> **Problem to work on**: Pictures excluded, output the lines of the data below between the one holding "Tech. Sgt. Tony" and the one holding "How hvac thermostat works?", inclusive, exactly as they stand.

> **Supplied information**:
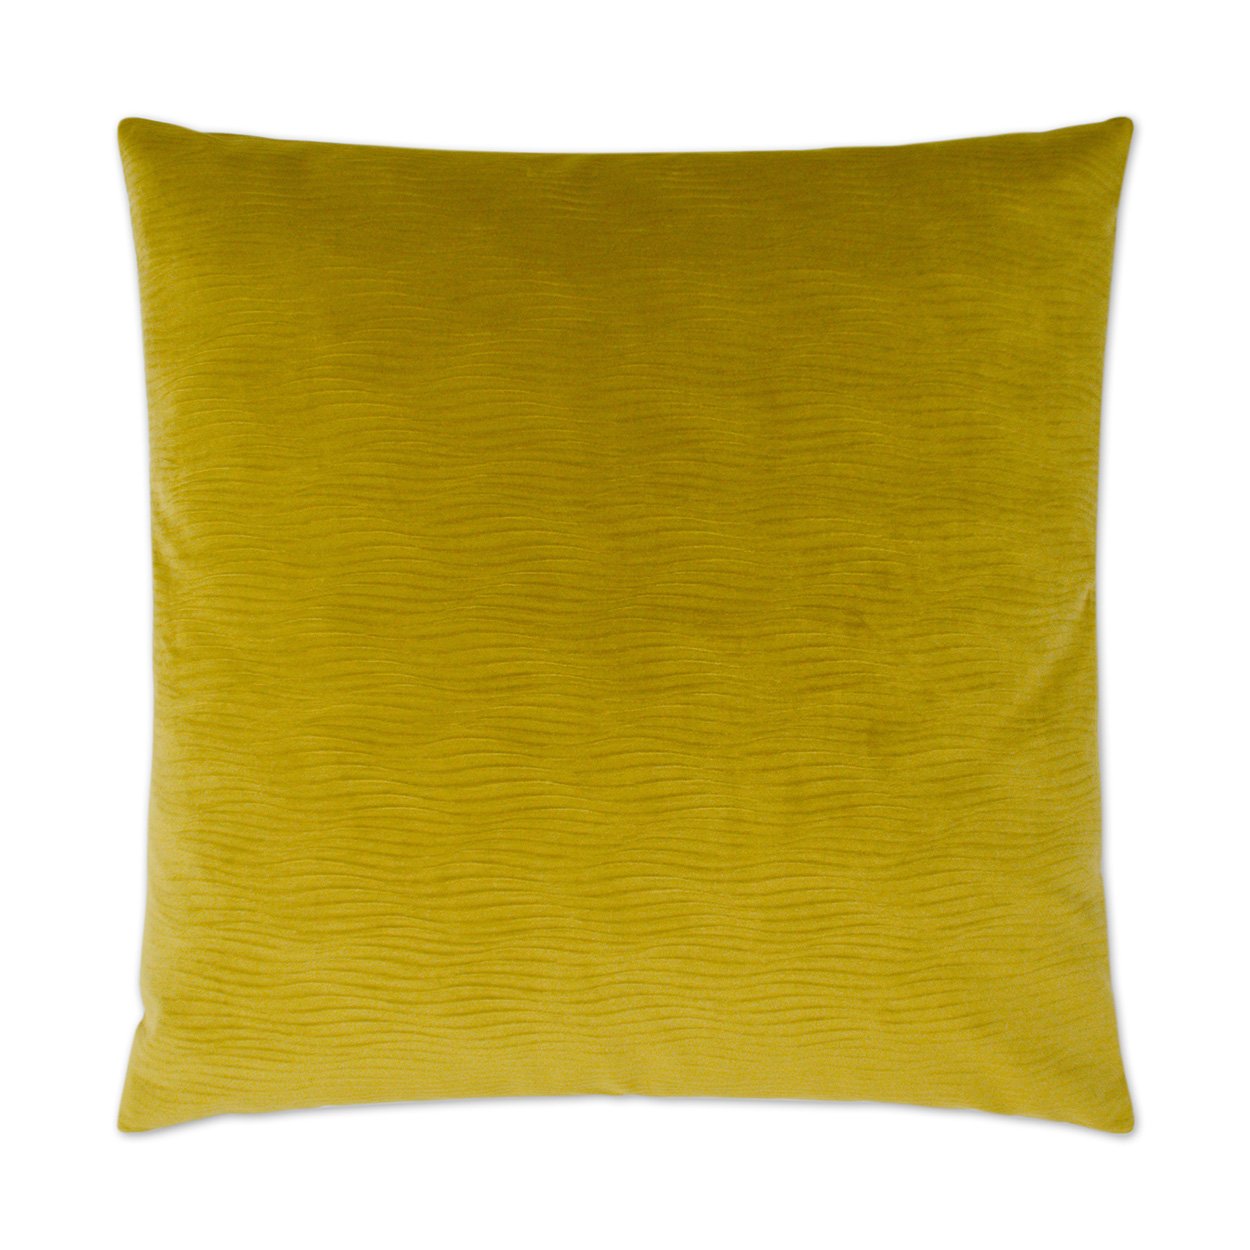 Luxury Pillow - 24” x 24” - Stream Chartreuse; Chartreuse color solid in a soft wavey jacquard fabric
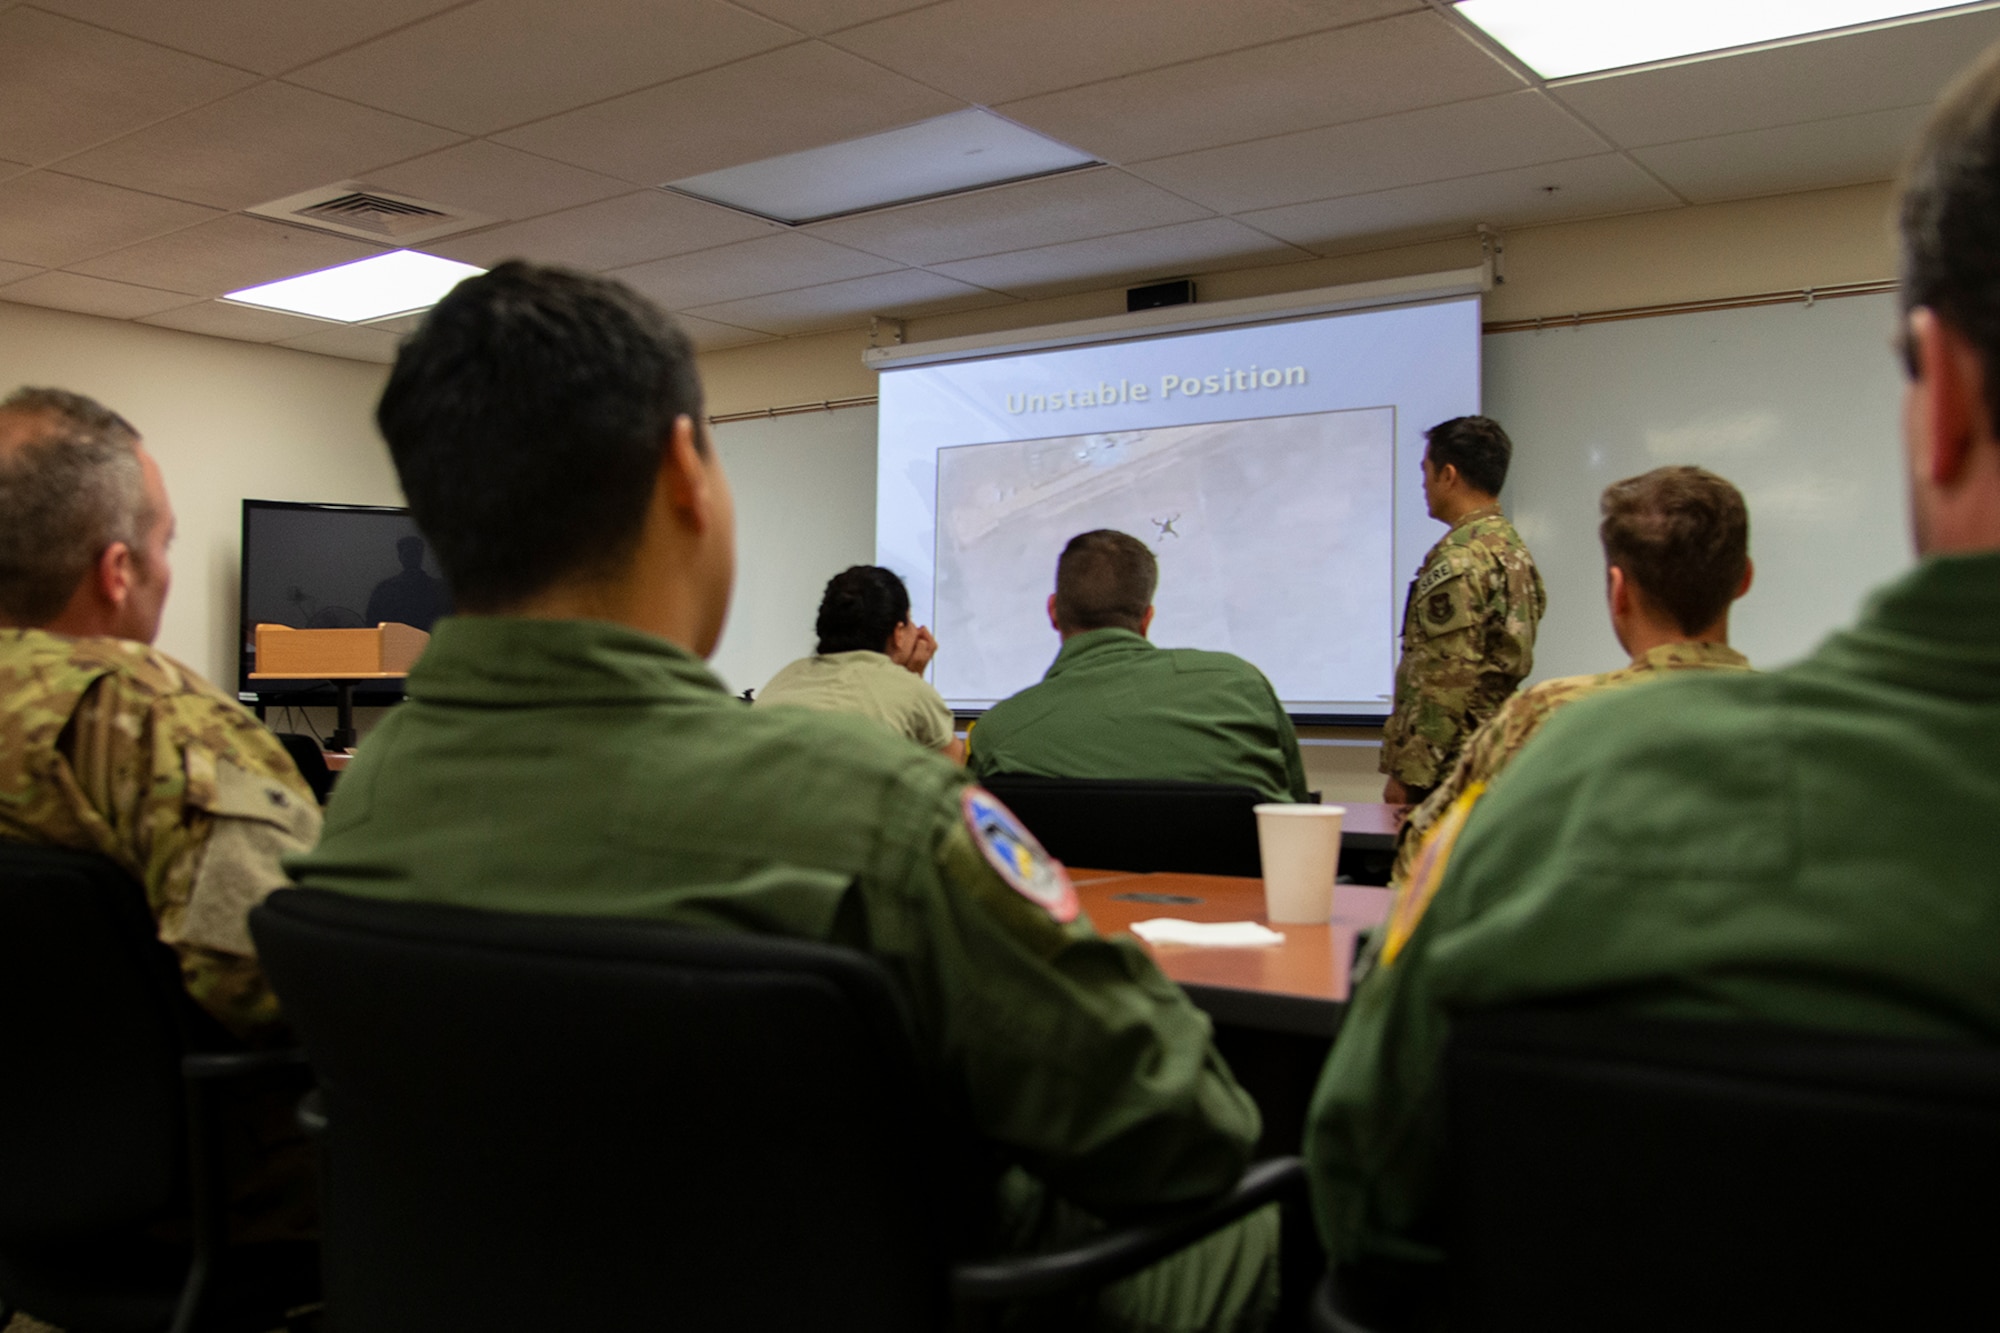 Tech. Sgt. Tony Fancher, a 302nd Airlift Wing Survival Evasion Resistance and Escape instructor, goes over emergency parachute procedures with members of the 731st Airlift Squadron and 34th Aeromedical Evacuation Squadron during a three-day Survival Evasion Resistance and Escape refresher training in Key West, Florida, May 23, 2019. (U.S. Air Force photo by Tech. Sgt. Frank Casciotta)
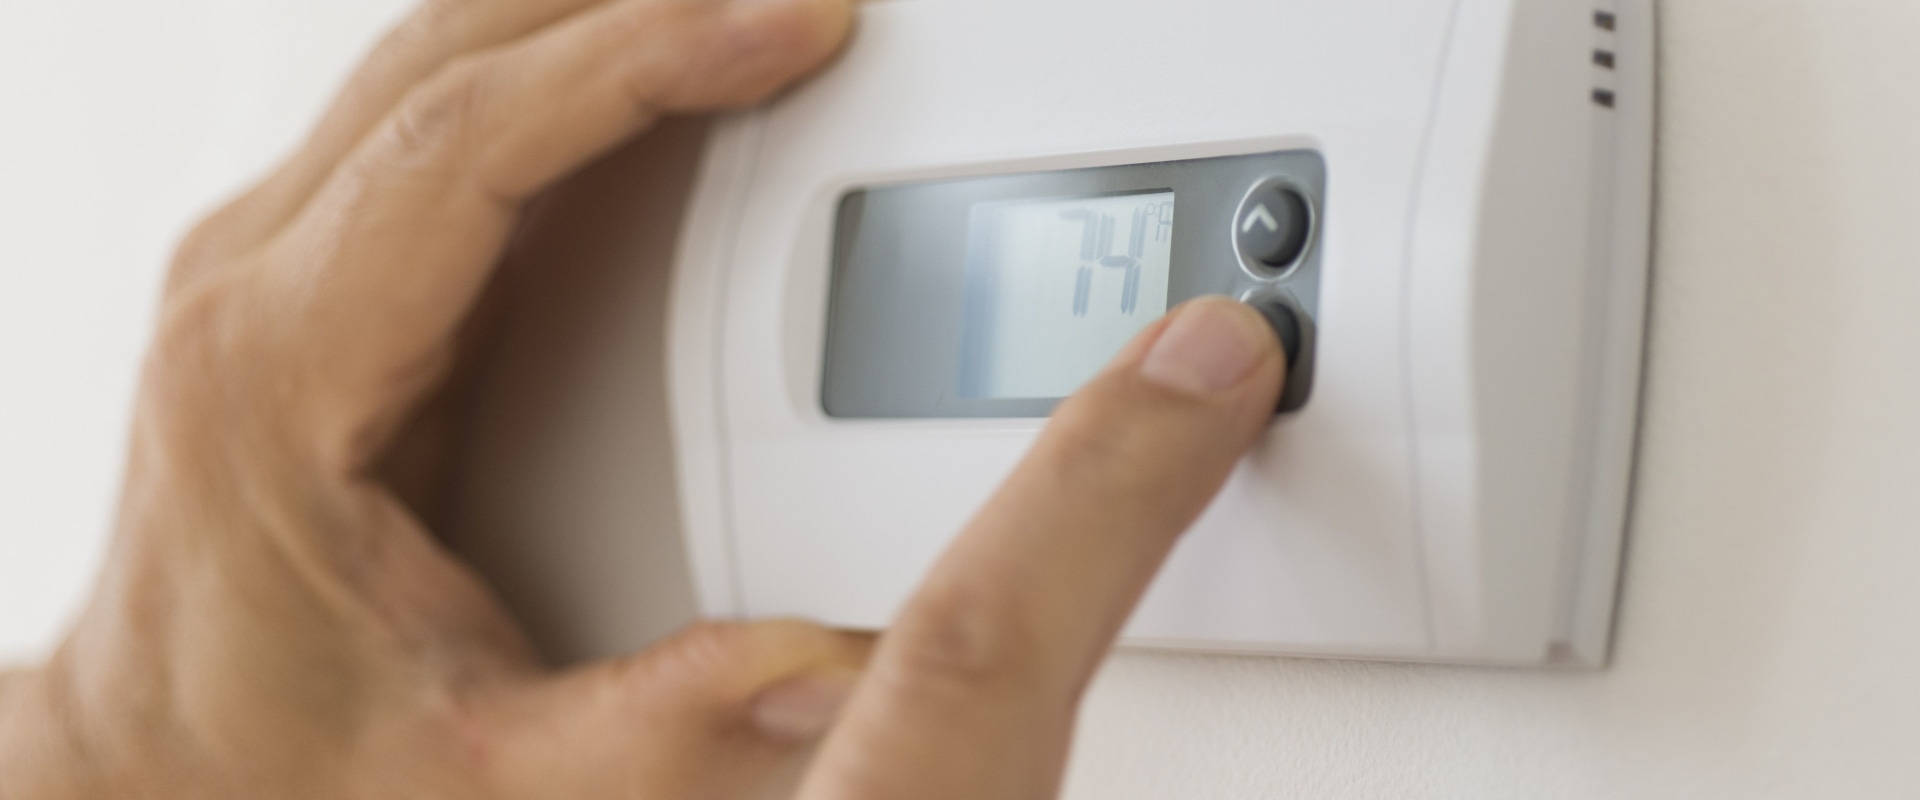 How hvac thermostat works?
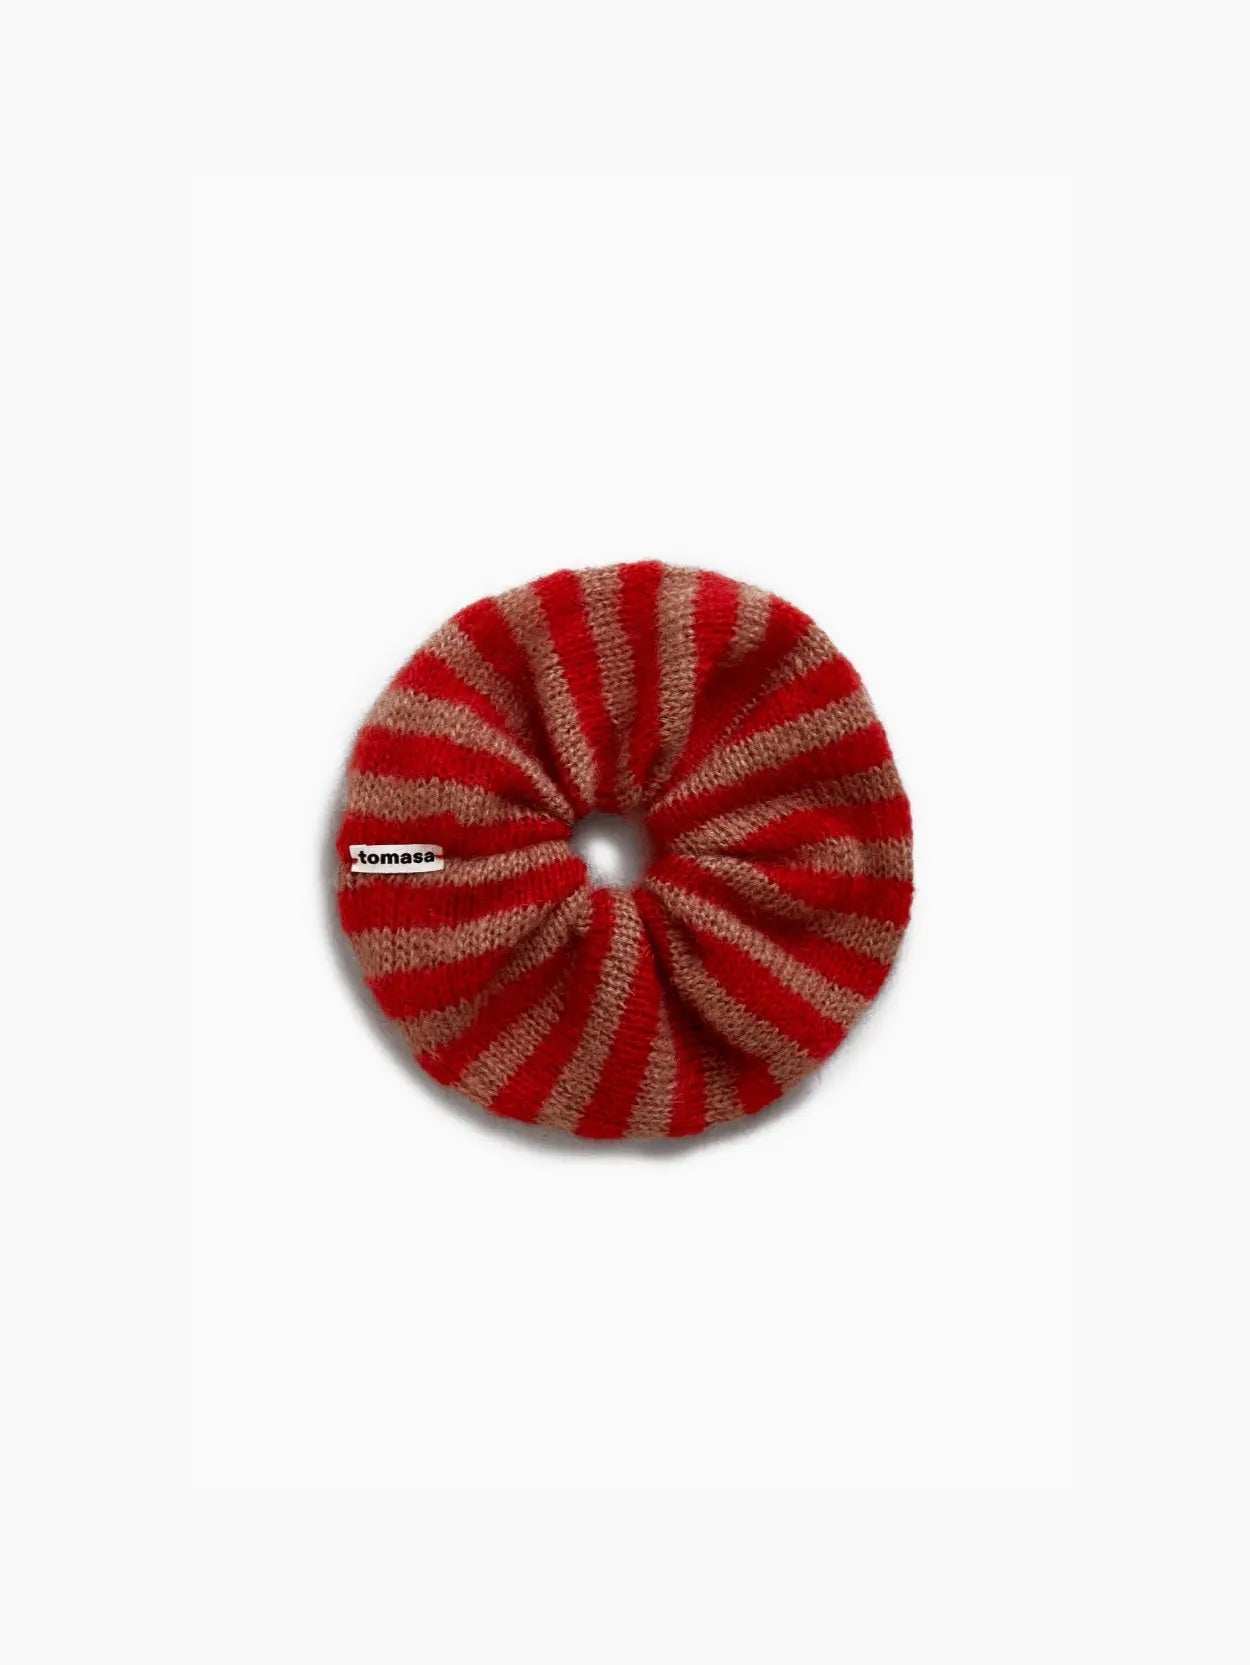 A round, knitted scrunchie with red and beige stripes is displayed against a plain white background. There is a small white tag with red and black writing attached to it. Shop the stylish Amapola Mohair Scrunchie by Tomasa at Bassalstore, your go-to store in Barcelona for unique finds.

> **Response area**:
 Tech. Sgt. Tony Fancher, a 302nd Airlift Wing Survival Evasion Resistance and Escape instructor, goes over emergency parachute procedures with members of the 731st Airlift Squadron and 34th Aeromedical Evacuation Squadron during a three-day Survival Evasion Resistance and Escape refresher training in Key West, Florida, May 23, 2019. (U.S. Air Force photo by Tech. Sgt. Frank Casciotta)
 How hvac thermostat works?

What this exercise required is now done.